Nine months on and $250,000 later Council staff are still involved at Kareela four to seven days a week monitoring the site, which a Sutherland Shire spokesperson says will be the case for the next 3 years at least.

“It’s not a case of just anybody going along and flashing lights,” Ms Medway explains.

The guidelines from the NSW Office of Environment point to the need for a dispersal team that consists of trained, inducted and vaccinated personnel, along with the presence of a qualified flying fox expert and licensed wildlife carer.

Odds are dispersal won’t work…

The success at Kareela stands in contrast to the current scientific advice and the experience other communities have had with dispersal.

Based on research quoted by Eurobodalla Shire Council, in 16 of the 17 dispersals studied flying-foxes stayed in the local area, normally moving only 600 metres from the original camp.

“We just never know where the flying-foxes could end up,” Ms Medway says.

“There have been cases where dispersals have caused a bigger problem than where they (flying-foxes) were originally located,”

“When we did the consultation for the Water Gardens, a lot of people from the community were very concerned about the potential of moving the camp into an even less desirable location, where more people would be impacted,” she says.

A spokesperson for Eurobodalla Shire says 10 sites have been identified in the Batemans Bay urban area where the flying-foxes could relocate to following dispersal.

In this challenging and difficult situation the humans living in the midst of the Water Gardens Camp have often felt that concern for the endangered Grey-headed Flying-fox seems to be greater than the concern expressed for them and their situation.

Ms Medway says she feels for residents around the Water Gardens and is confident that with time the flying-foxes will move away and locals will have relief.

“In Sydney at the moment camps are empty and it’s not about dispersals, it’s because food is not available,” she says.

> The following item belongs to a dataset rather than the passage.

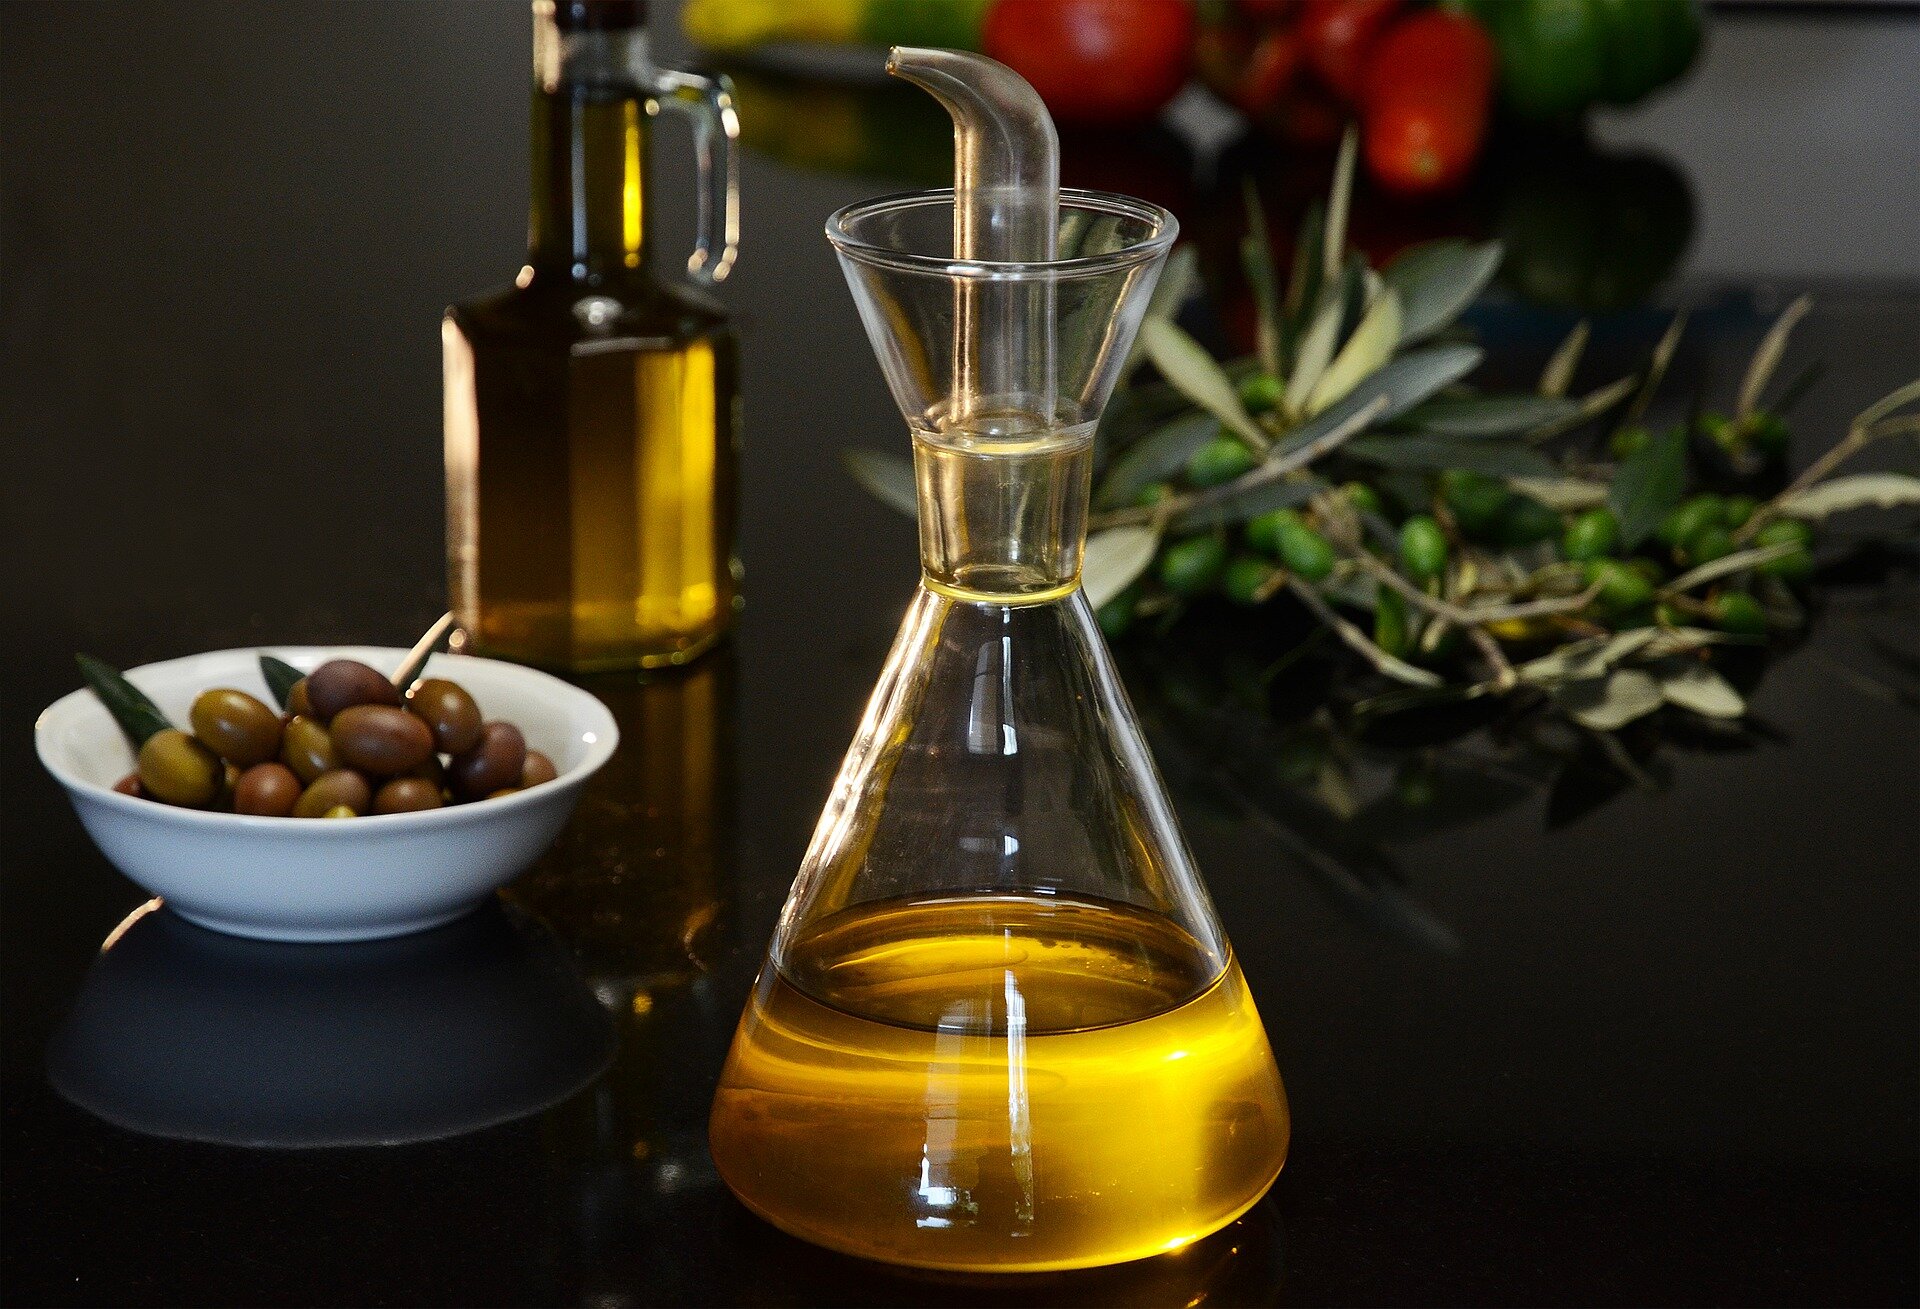 Research shows that daily consumption of olive oil reduces the risk of developing dementia

Click play to learn more – 

Until the flying-foxes move on Ms Medway encourages residents to make the most of the relief options Council has available, including clothes line and car covers and access to high pressure water cleaners.

Why the Water Gardens?…

Flowering spotted gums and fruiting rain forest species along the South Coast are thought to be the main drivers behind the Water Gardens Camp.

The water in the gardens itself is another plus for flying-foxes who struggle on days of high temperatures. The cooler environment is key for the species survival, with the potential for mass deaths on days where the temperature hits the high thirties.

Speaking on ABC South East this week the author of the Australian Government’s 2009 National Recovery Plan for the Grey- headed Flying-fox, suggested that the problem in Batemans Bay and in a number of communities around Australia is one that has come home to roost.

Ecologist Dr Peggy Eby pointed to the wide spread clearing of flying-fox habitat as being central to this problem, with the animals forced into marginal areas like the Water Gardens to survive.

In terms of a resolution Dr Eby believes dispersal is a high risk strategy.

“The reality is it’s much easier to adapt the behaviour of humans than the behaviour of wildlife,” she told the ABC.

The next step…

Eurobodalla Shire Council has called a community meeting on the issue and is inviting mayors from other affected communities  around the country. That meeting will happen on May 16 between 5pm and 7pm at the Batemans Bay Soldiers Club.

An opportunity perhaps for the Batemans Bay community and Eurobodalla Shire Council to drive solutions and ideas that move this forward for people and flying-foxes.